A high-level plotting function is one that is used to make a new graph. Examples of higher level plotting functions are the general plot() and the barplot() functions. When-a high level plotting function is executed, the currently-displayed plot (if any) is written over.
A low-level plotting function is one that is used to modify a plot that has already been created. You must already have made a plot using a high-level plotting function before you use low-level plotting functions. Examples include text(), points(), and lines(). When a low-level plotting function is executed, the output is simply added to an existing plot.
The graphics device is the area in which a plot is displayed. RStudio has a built in graphics device in its interface (lower right by default in the “Plots” tab), or you can create a new device. R will plot on the active device, which is the most recently created device. There can only be one active device at a time.

Here is an example of a basic R plot:

There are a few components:

The plotting region: all data information is displayed here.
The margin: where axis labels, tick marks, and main plot titles are located
The outer margin: by default, there is no outer margin. You can add one if you want to add text here or make more room around the edges.

You can change just about everything there is about this plot to suit your tastes. Duplicate this plot, but make the x-axis, y-axis, and main titles something other than the placeholders shown here:

# plot dummy data
x = 0:10
y = x^2
plot(x = x, y = y,
     xlab = "x-axis label goes here", 
     ylab = "y-axis label goes here",
     main = "Main Plot Title Goes Here")

Note that the first two arguments, x and y, specify the coordinates of the points (i.e., the first point is placed at coordinates x[1],y[1]). plot() has tons of arguments (or graphical parameters as the help file found using ?plot or ?par calls them) that change how the plot looks. Note that when you want something displayed verbatim on the plotting device, you must wrap that code in " ", i.e., the arguments xlab, ylab, and main all receive a character vector of length 1 as input.
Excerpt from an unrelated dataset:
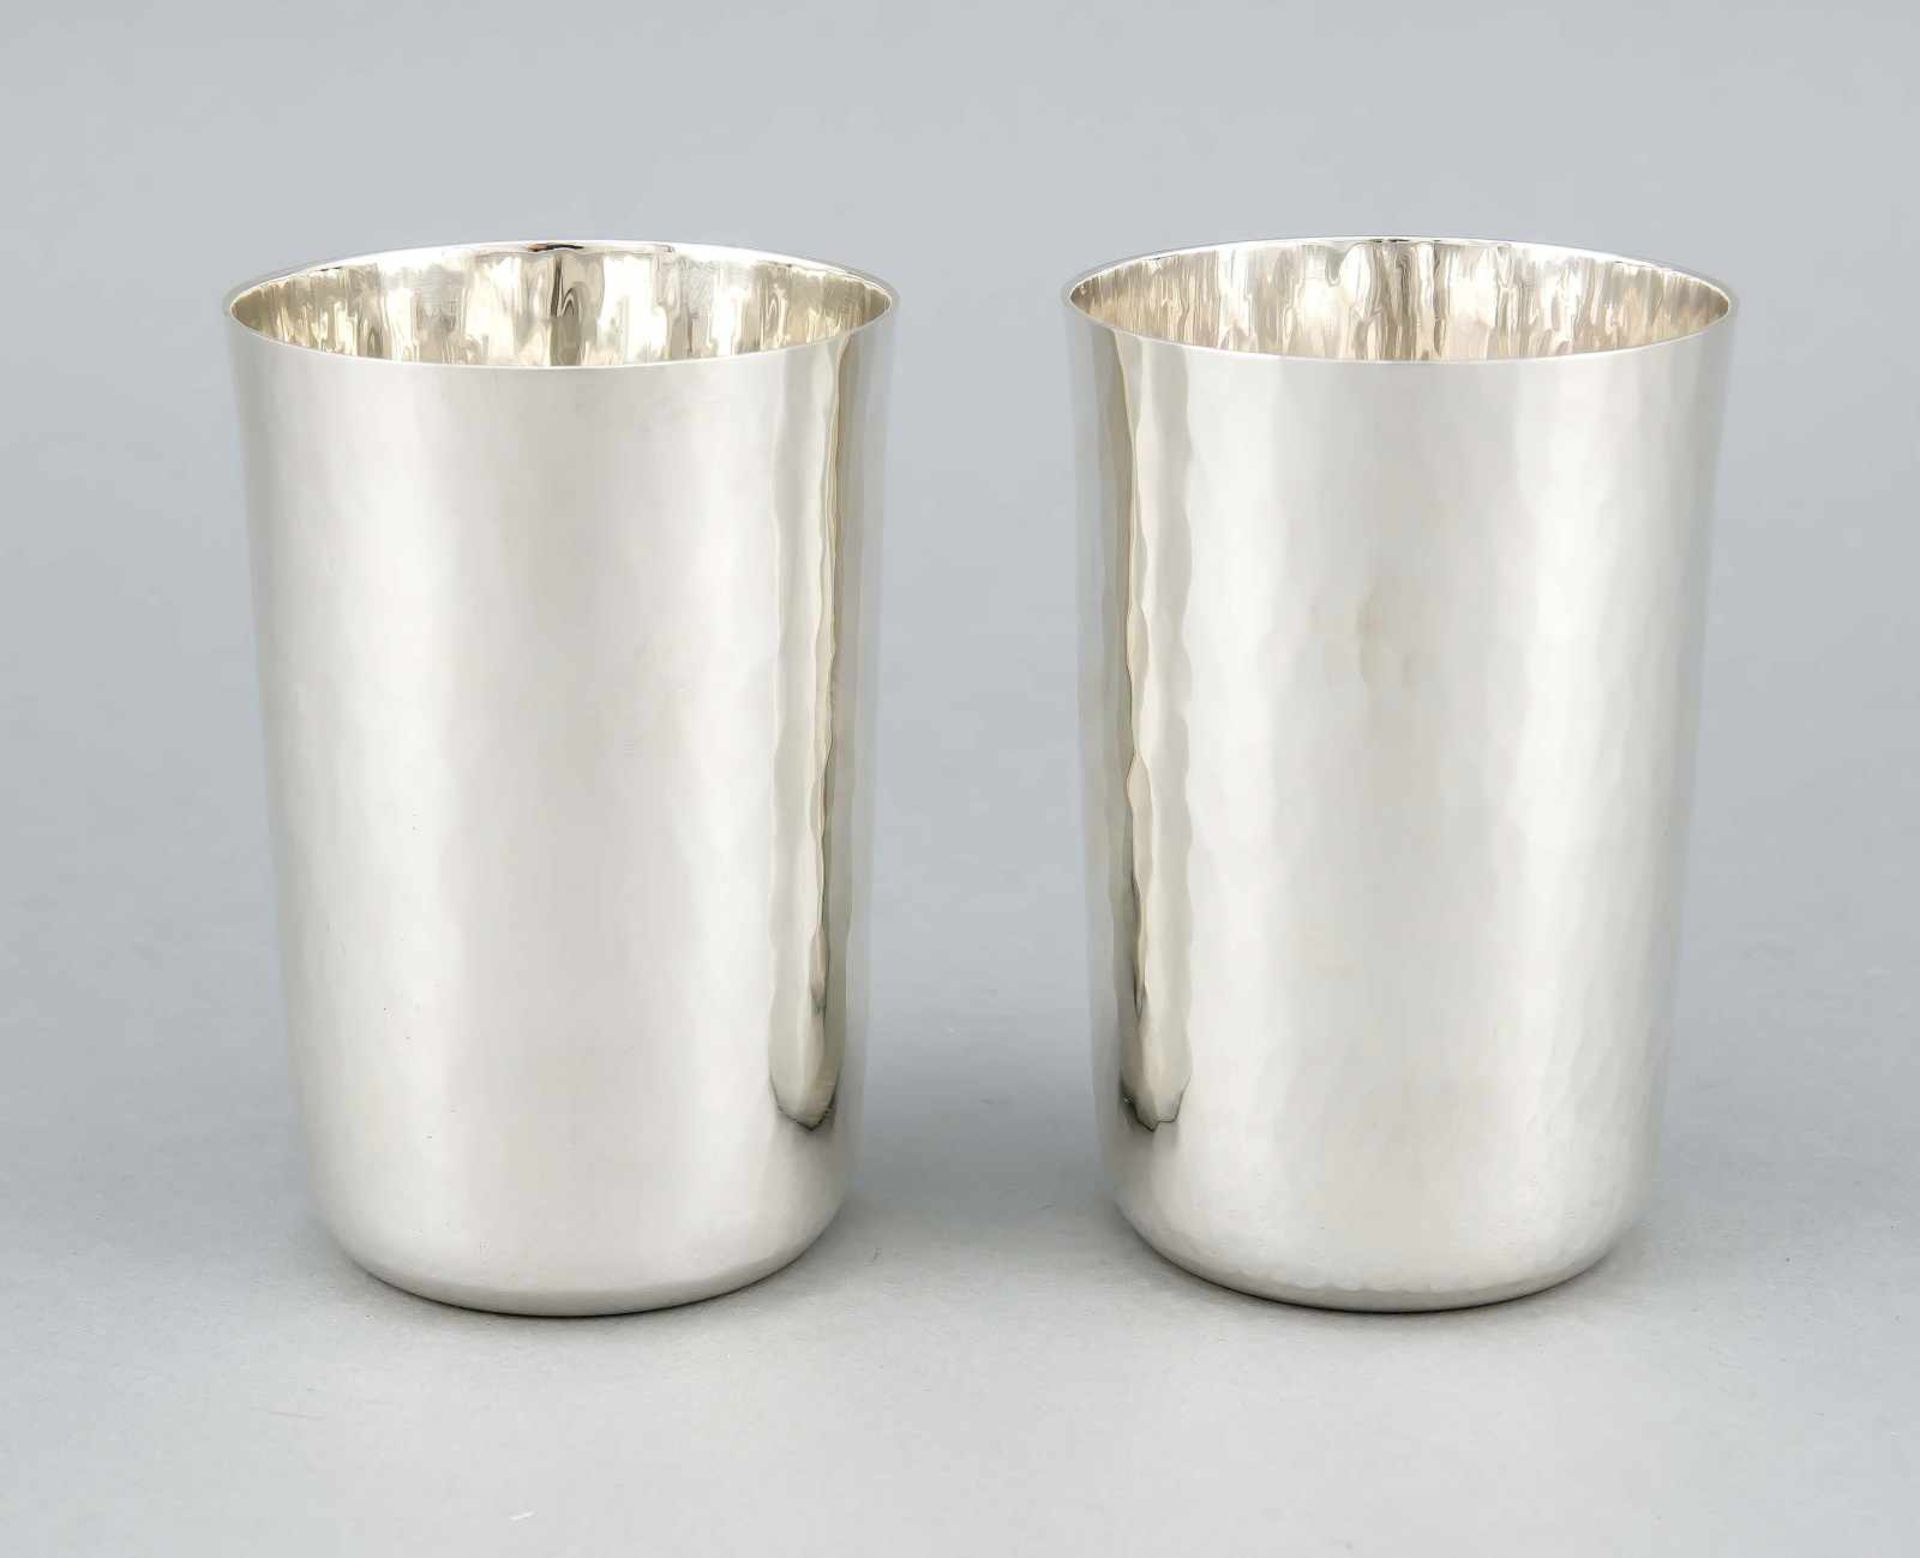 Paar Becher, USA, 2. H. 20. Jh., MZ: Tiffany & Co., New York, Sterlingsilber 925/000, zylindrische

Table 2.1 shows information on just a handful of the plotting settings to get you started.

Table 2.1: Several of the key arguments to high- and low-level plotting functions
Arg.	Usage	Description
`xlab`	`xlab = 'X-AXIS'`	changes the x-axis label text
`ylab`	`ylab = 'Y-AXIS'`	changes the y-axis label text
`main`	`main = 'TITLE'`	changes the main title text
`cex`	`cex = 1.5`	changes the size of symbols in the plotting region¹³
`pch`	`pch = 17`	changes the symbol type¹⁴
`xlim`	`xlim = range(x)`	changes the endpoints (limits) of the x-axis¹⁵
`ylim`	`ylim = c(0,1)`	same as `xlim`, but for the y-axis
`type`	`type = 'l'`	changes the way points are connected by lines¹⁶
`lty`	`lty = 2`	changes the line type¹⁷
`lwd`	`lwd = 2`	changes the line width¹⁸
`col`	`col = 'blue'`	changes the color of plotted objects¹⁹

You are advised to try at least some of the arguments in Table 2.1 out for yourself with your plot(x, y) code from above - notice how every time you run plot(), a whole new plot is created, not just the thing you changed. There are definitely other options: check out ?plot or ?par for more details.

2.2 Lower Level Plotting Functions

Now that you have a base plot designed to your liking, you might want to add some additional “layers” to it to represent more data or other kind of information like an additional label or text. Add some more points to your plot by putting this line right beneath your plot(x,y) code and run just the points() line (make sure your device is showing a plot first):

# rev() reverses a vector: so the old x[1] is x[11] now
points(x = rev(x), y = y, col = "blue", pch = 16)

Here, points() acted like a low-level plotting function because it added points to a plot you already made. Many of the arguments shown in Table 2.1 can be used in both high-level and low-level plotting functions (notice how col and pch were used in points()). Just like points(), there is also lines():

lines(x = x, y = x, lty = 2, col = "red")

You can add text to the plotting region:

text(x = 5, y = 80, "This is Text", cex = 1.5, col = "grey", font = 4)

The text is centered on the coordinates you provide. You can also provide vectors of coordinates and text to write different things at once.

The easiest way to add a straight line to a plot is with abline(). By default it takes two arguments: a and b which are the y-intercept and slope, respectively, e.g., abline(0,1) will draw a 1:1 line, as will abline(c(0,1)). You can also do abline(h = 5) to draw a horizontal line at 5 or abline(v = 5) to draw a vertical line at 5.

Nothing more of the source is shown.